The activity is visible: vendor demonstrations, innovation committees, ambient documentation pilots, predictive models, coding tools, patient-message drafting, scheduling applications, and a growing inventory of AI embedded within enterprise software. National evidence confirms that adoption is no longer marginal. In 2024, 71% of hospitals reported predictive AI integrated with their EHR, up from 66% in 2023. Nearly one-third reported using generative AI integrated with the EHR, with another quarter planning adoption within a year.
Those figures demonstrate momentum, not value. An organization can deploy multiple tools and still fail to improve a material outcome. It can save minutes in a workflow without converting that time into capacity, access, retention, or financial benefit. It can complete a successful pilot that cannot be integrated, governed, funded, or adopted at scale. It can also create new clinical, privacy, cybersecurity, reputational, and operating risks faster than it creates institutional capability.
The central executive challenge is therefore one of selection and execution: which opportunities deserve scarce capital and leadership attention, what evidence is sufficient to proceed, and how should the organization distinguish a promising demonstration from a scalable enterprise investment?
AI Is an Enterprise Strategy Question
AI is often introduced through technology, digital, analytics, or innovation functions. Those teams are essential, but the consequences of adoption extend well beyond them. AI decisions affect clinical practice, patient experience, workforce design, data infrastructure, operating processes, growth, capital allocation, compliance, and institutional trust. They are enterprise decisions delivered through technology.
That distinction changes leadership accountability. The board should understand material strategic and patient risks without approving individual applications. Executive leadership should set investment priorities, risk appetite, and performance expectations. Clinical leaders should define acceptable use and validate consequences for care. Operations must own workflow redesign and adoption. Finance and strategy must test whether claimed value is measurable and realizable. Technology and data leaders must assess integration, reliability, security, and lifecycle requirements. Legal, compliance, privacy, and risk functions should shape controls proportionate to the use case.
Federal policy is also moving toward lifecycle transparency and monitoring. The HTI-1 final rule established transparency requirements for predictive algorithms within certified health IT, and the FDA's 2025 draft guidance for AI-enabled device software emphasized total-product-lifecycle risk management, including postmarket performance monitoring. Even when a specific tool falls outside those requirements, the direction is instructive: evaluation cannot end at procurement or launch.
A Six-Dimension AI Investment Framework
Every proposed use case should pass through a consistent enterprise screen. The purpose is not to create a perfect score or force unlike investments into one ROI formula. It is to expose assumptions, make tradeoffs explicit, and prevent enthusiasm in one dimension from obscuring weakness in another.
| Dimension | What it tests | Diagnostic questions | Credible evidence |
|---|---|---|---|
| 1. Strategic alignment | Material enterprise priority, clinical need, operating constraint, or strategic capability | What priority does this advance? Why now? What happens if we do nothing? | Named enterprise objective; accountable sponsor; explicit problem statement |
| 2. Clinical, patient & workforce impact | Quality, safety, access, experience, capacity, burden, and new risks | Who benefits? Could any population be harmed? How does human judgment remain involved? | Baseline and target outcomes; user validation; subgroup testing; safety plan |
| 3. Financial & operational value | Revenue, cost, throughput, capacity, cycle time, risk avoidance, or capital efficiency | How does saved time become realized value?

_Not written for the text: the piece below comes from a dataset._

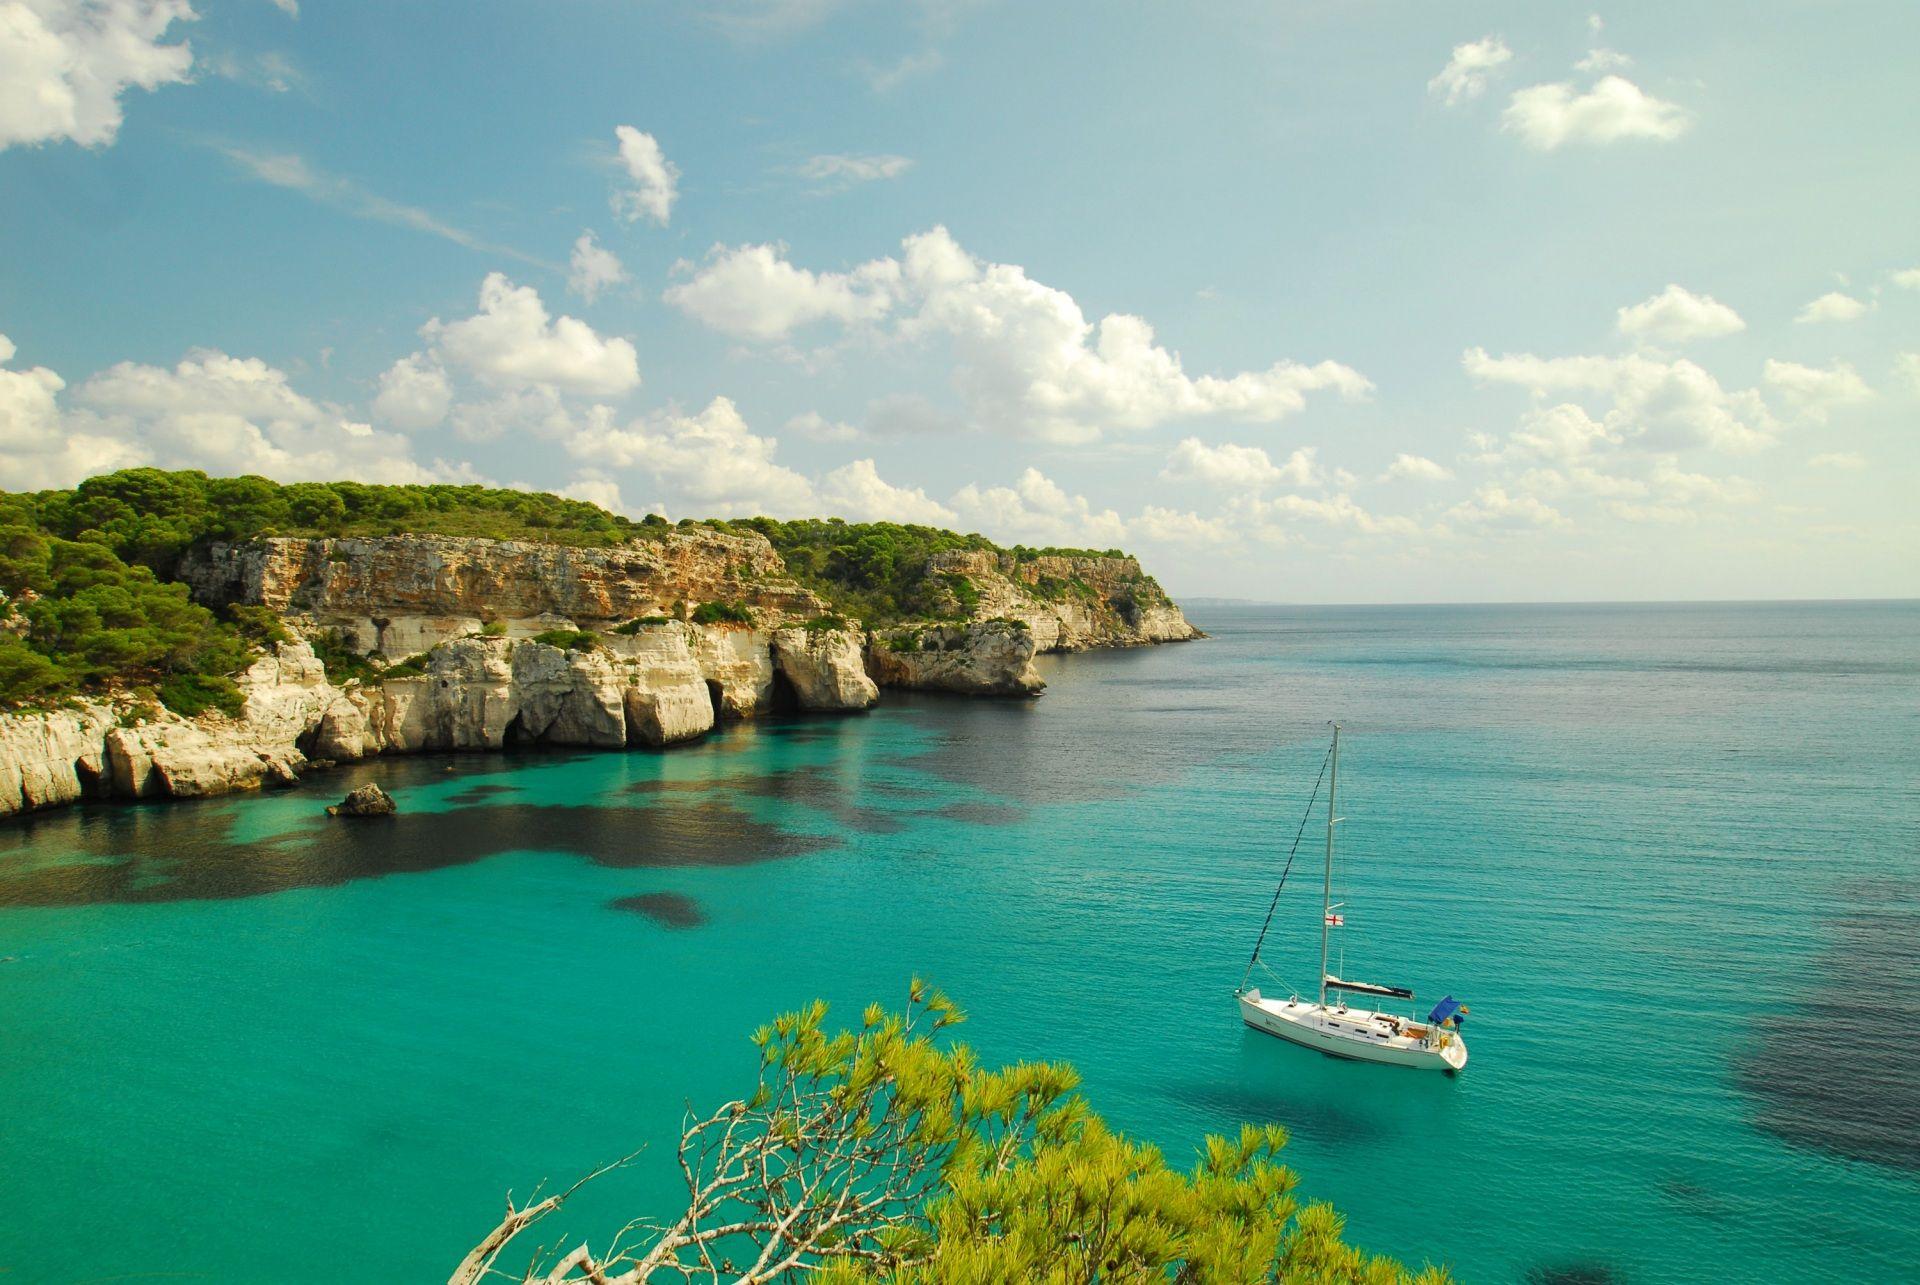 Fonds D Ecran Portugal Mer Cote Ciel A Voile Yacht Madeira Roc Nature Image Minorque Paysage Fond Ecran

What costs sit beyond the license? | Fully loaded cost; benefit owner; scenarios; measurement method |
| 4. Implementation readiness | Data, integration, workflow, leadership, talent, training, and change capacity | Are data fit for purpose? Who owns the redesigned workflow? What dependencies could delay scale? | Readiness assessment; resource plan; integration design; adoption plan |
| 5. Risk & governance | Clinical, regulatory, privacy, security, bias, reliability, transparency, and reputation | What is the consequence of error? How will drift or misuse be detected? What escalation is required? | Risk tier; validation standard; monitoring thresholds; response protocol |
| 6. Scalability & advantage | Extension across locations, service lines, populations, and strategic capabilities | Can it scale economically? Is it differentiating or increasingly commoditized? | Repeatable operating model; unit economics at scale; enterprise roadmap |
A common warning sign is an initiative with an eloquent technology case but no operational owner. Another is a projected productivity benefit that appears in a business case without a mechanism to convert time saved into additional appointments, shorter turnaround, reduced overtime, avoided hiring, improved retention, or another observable result. Technology does not independently redesign an operating model.

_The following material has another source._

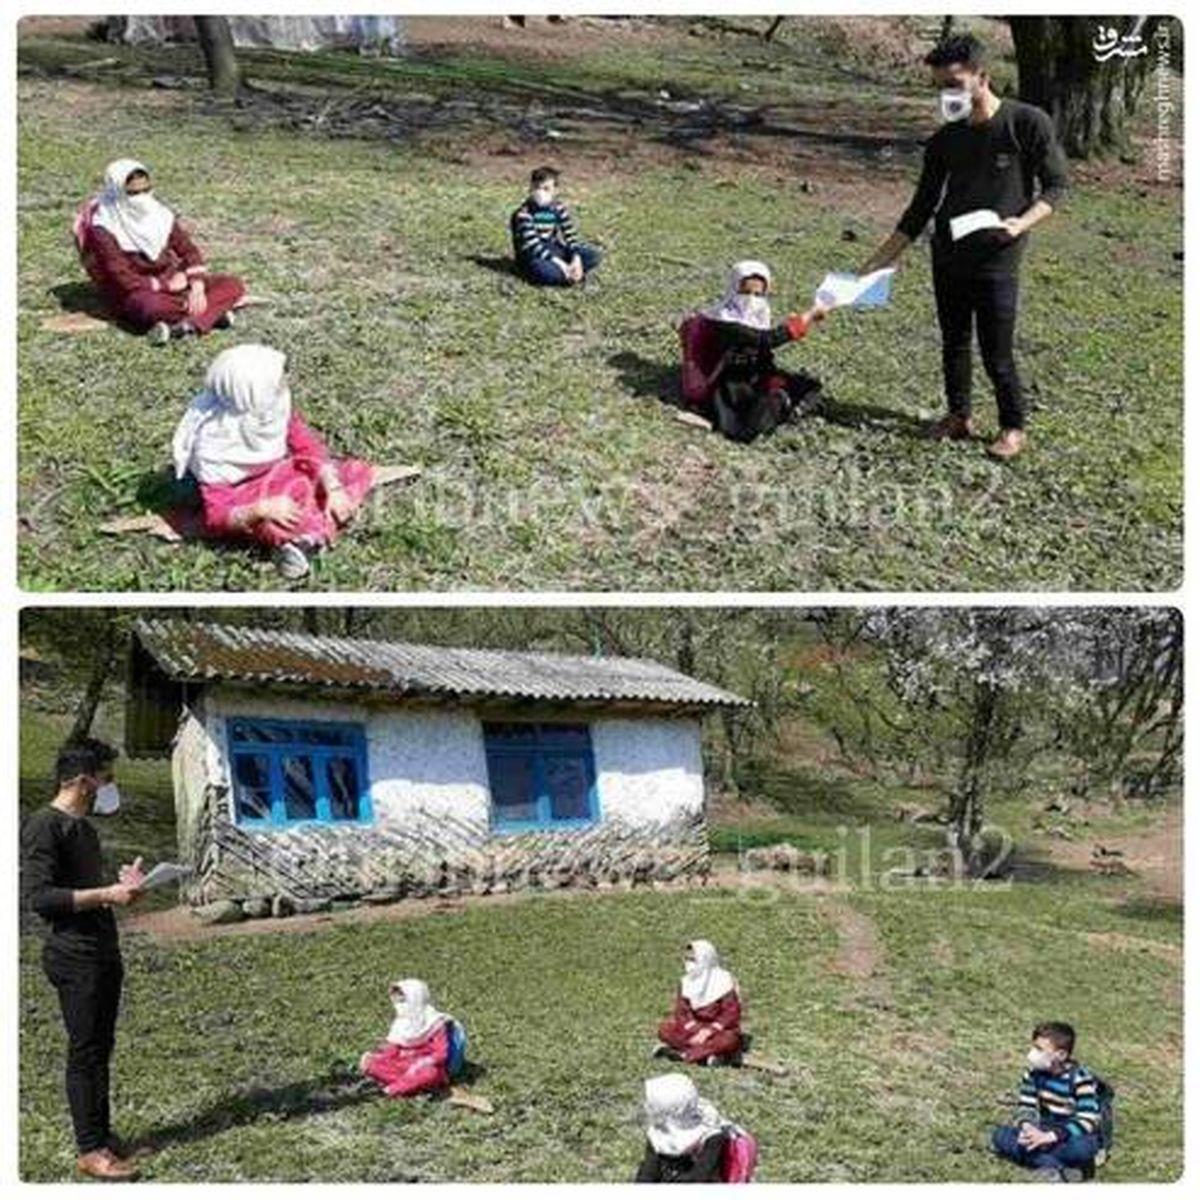 برگزاری کلاس درس در دل طبیعت تالش +عکس

Manage AI as Three Strategic Portfolios
A portfolio architecture helps leadership compare investments by strategic purpose while recognizing that different opportunities require different evidence, time horizons, and return expectations.
| Portfolio | Primary objective | Representative use cases | Typical horizon | Principal risks |
|---|---|---|---|---|
| Protect and strengthen the core | Reduce burden, leakage, cost, and risk; improve reliability | Documentation support; coding and denials; prior authorization; compliance; cybersecurity assistance | 0–24 months | Automation error, weak controls, benefits that remain theoretical |
| Improve care delivery | Improve quality, access, capacity, navigation, diagnosis, and experience | Clinical workflow support; imaging; capacity optimization; patient navigation; scheduling; monitoring | 1–3 years | Clinical harm, bias, adoption friction, workflow disruption |
| Create future advantage | Build differentiated capabilities and new models of growth | Precision medicine; research acceleration; personalized engagement; strategic intelligence; new care models | 2–5+ years | Technology uncertainty, long payback, dependency on scarce data and talent |
The first portfolio often contains the clearest near-term economics. The second may create value through access, capacity, quality, and workforce sustainability rather than direct expense reduction. The third may warrant strategic-option logic: modest investment today to develop data, partnerships, talent, or operating capabilities that could become important later. Leadership should resist evaluating all three through a single hurdle rate or a single definition of success.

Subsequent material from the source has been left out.